A Variety of Mixed Models
Scheduled Time: Sunday, October 20th, 1:00 pm - 5:00 pm
Intended Audience: Statisticians, analysts, banking and medical statistics researchers
Instructor: David A. Dickey
Abstract:
Mixed models are those with fixed and random effects. In ordinary mixed models, one estimates the fixed effects
using estimated generalized least squares where the variance-covariance matrix of the data is estimated as part of
maximum likelihood or REML (Restricted, or Residual, Maximum Likelihood) algorithm. After reviewing how to distinguish
random from fixed effects, this course will describe the overall methodology and show several examples of its
application including random coefficient models, repeated measures and hierarchical models. A review of nonlinear
models is included and the additional complexities arising from the inclusion of random effects illustrated.

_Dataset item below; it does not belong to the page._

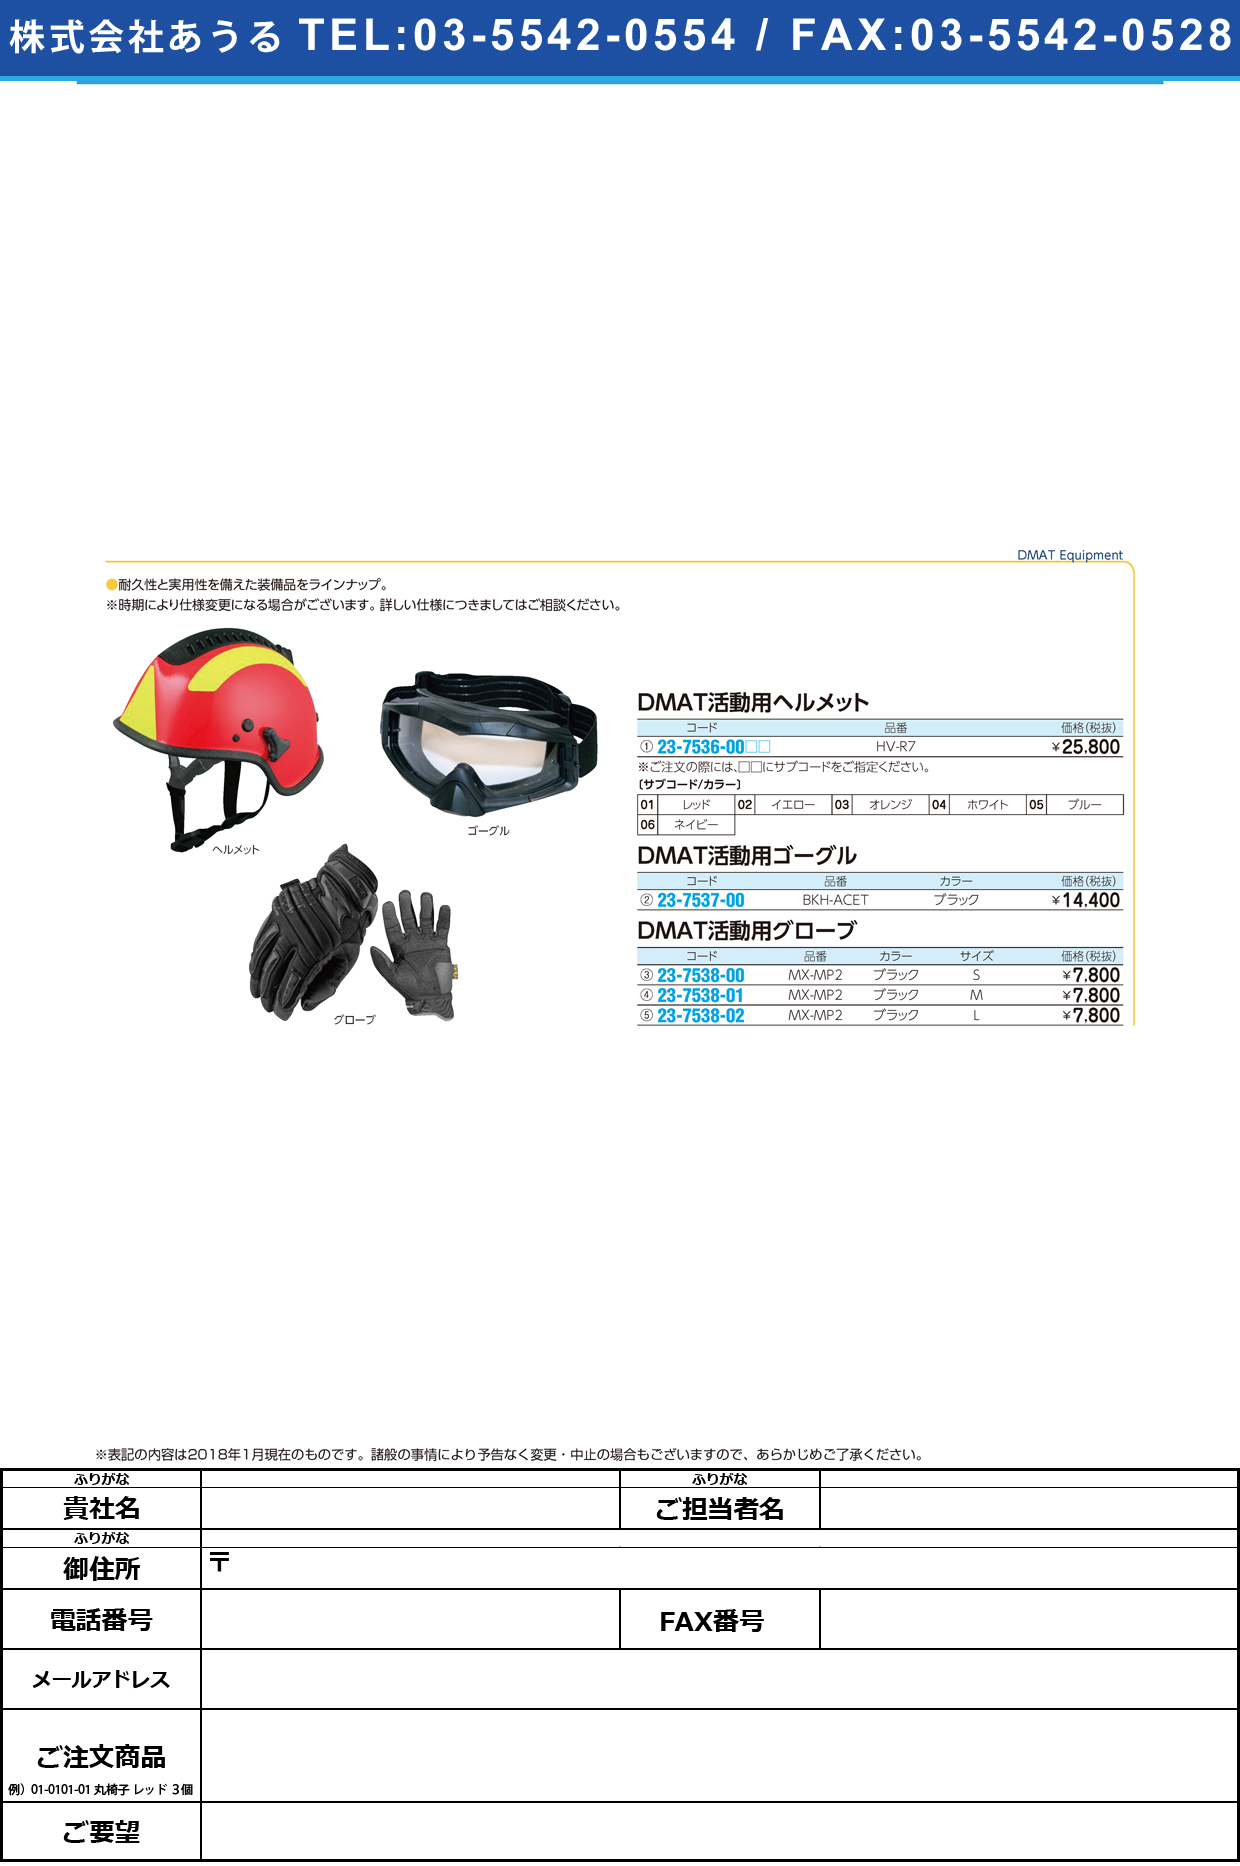 (23-7536-00)ＤＭＡＴ活動用ヘルメット HV-R7 DMATｶﾂﾄﾞｳﾖｳﾍﾙﾒｯﾄ レッド【1個単位】【2018年カタログ商品】

A third type of model, the generalized linear mixed model, is discussed with examples. Such a model arises when the
response is not normally distributed but rather is in the exponential family of distributions. Outstanding examples
of the exponential family are the binomial and Poisson distributions. Emphasis is on concepts, examples, when to
apply each type of model, and how to interpret each.
Instructor Bio:
David A. Dickey is W. N. Reynolds Professor (emeritus) of Statistics at NC State University. He is known for the
Dickey-Fuller test for unit roots in time series. He is a Fellow of the American Statistical Association. He has
spoken at the ASA's JSM, ASQ, and CSP meetings and many times at SAS Global Forum and regional SAS Users' Group
meetings. Dickey has co-authored several books and dozens of papers. He was major advisor to 16 PhD students at
NCSU and served on hundreds of graduate student committees across campus. Dickey is a member of NCSU's Academy of
Outstanding Teachers and Academy of Outstanding Faculty Engaged in Extension. He received the D.D. Mason Faculty
Award in 1986 and 2018 and the Outstanding Extension Service Award in 2007. Dickey was a founding faculty member of
NCSU's Institute for Advanced Analytics, holds an associate appointment in Economics, and is a member of the Financial
Math faculty. He taught at Randolph Macon College and The College of William and Mary in Virginia for 3 years before
earning his PhD in 1976 under Wayne Fuller and spending the next 43 year at NC State.
ODS Graphics I: Creating Quick and Easy Graphs with the Statistical Graphics (SG) Procedures
Scheduled Time: Sunday, October 20th, 1:00 pm - 5:00 pm
Intended Audience: Novice to intermediate SAS programmers. Pace will be moderate, allowing plenty of time for Q&A as we go. I like to keep my classes as interactive as possible.
Instructor: Josh Horstman
Abstract:
The ODS Statistical Graphics (SG) Procedures represent a complete paradigm shift for the creation of high-quality
graphics using the SAS system. Legacy SAS/GRAPH functions produce crude graphics that frequently do not meet today's
standards of presentation. While customization is possible, it can require extensive coding and several tricks to
achieve desirable results. With the introduction of the SG procedures, all of that changed. This course will
provide an overview of the major procedures such as SGPLOT, SGPANEL, and SGSCATTER as well as related statements
and common options using numerous examples. Upon completion of the course, students will have the tools they need
to start producing high-quality graphics and performing basic customization using the options available.
Instructor Bio:
Josh Horstman is an independent statistical programmer based in Indianapolis with over 20 years' experience using
SAS in the life sciences industry. He specializes in analyzing clinical trial data, and his clients have included
major pharmaceutical corporations, biotech companies, and research organizations. A SAS certified programmer,
Josh loves coding and is a frequent presenter at SAS Global Forum and various regional and local SAS users group.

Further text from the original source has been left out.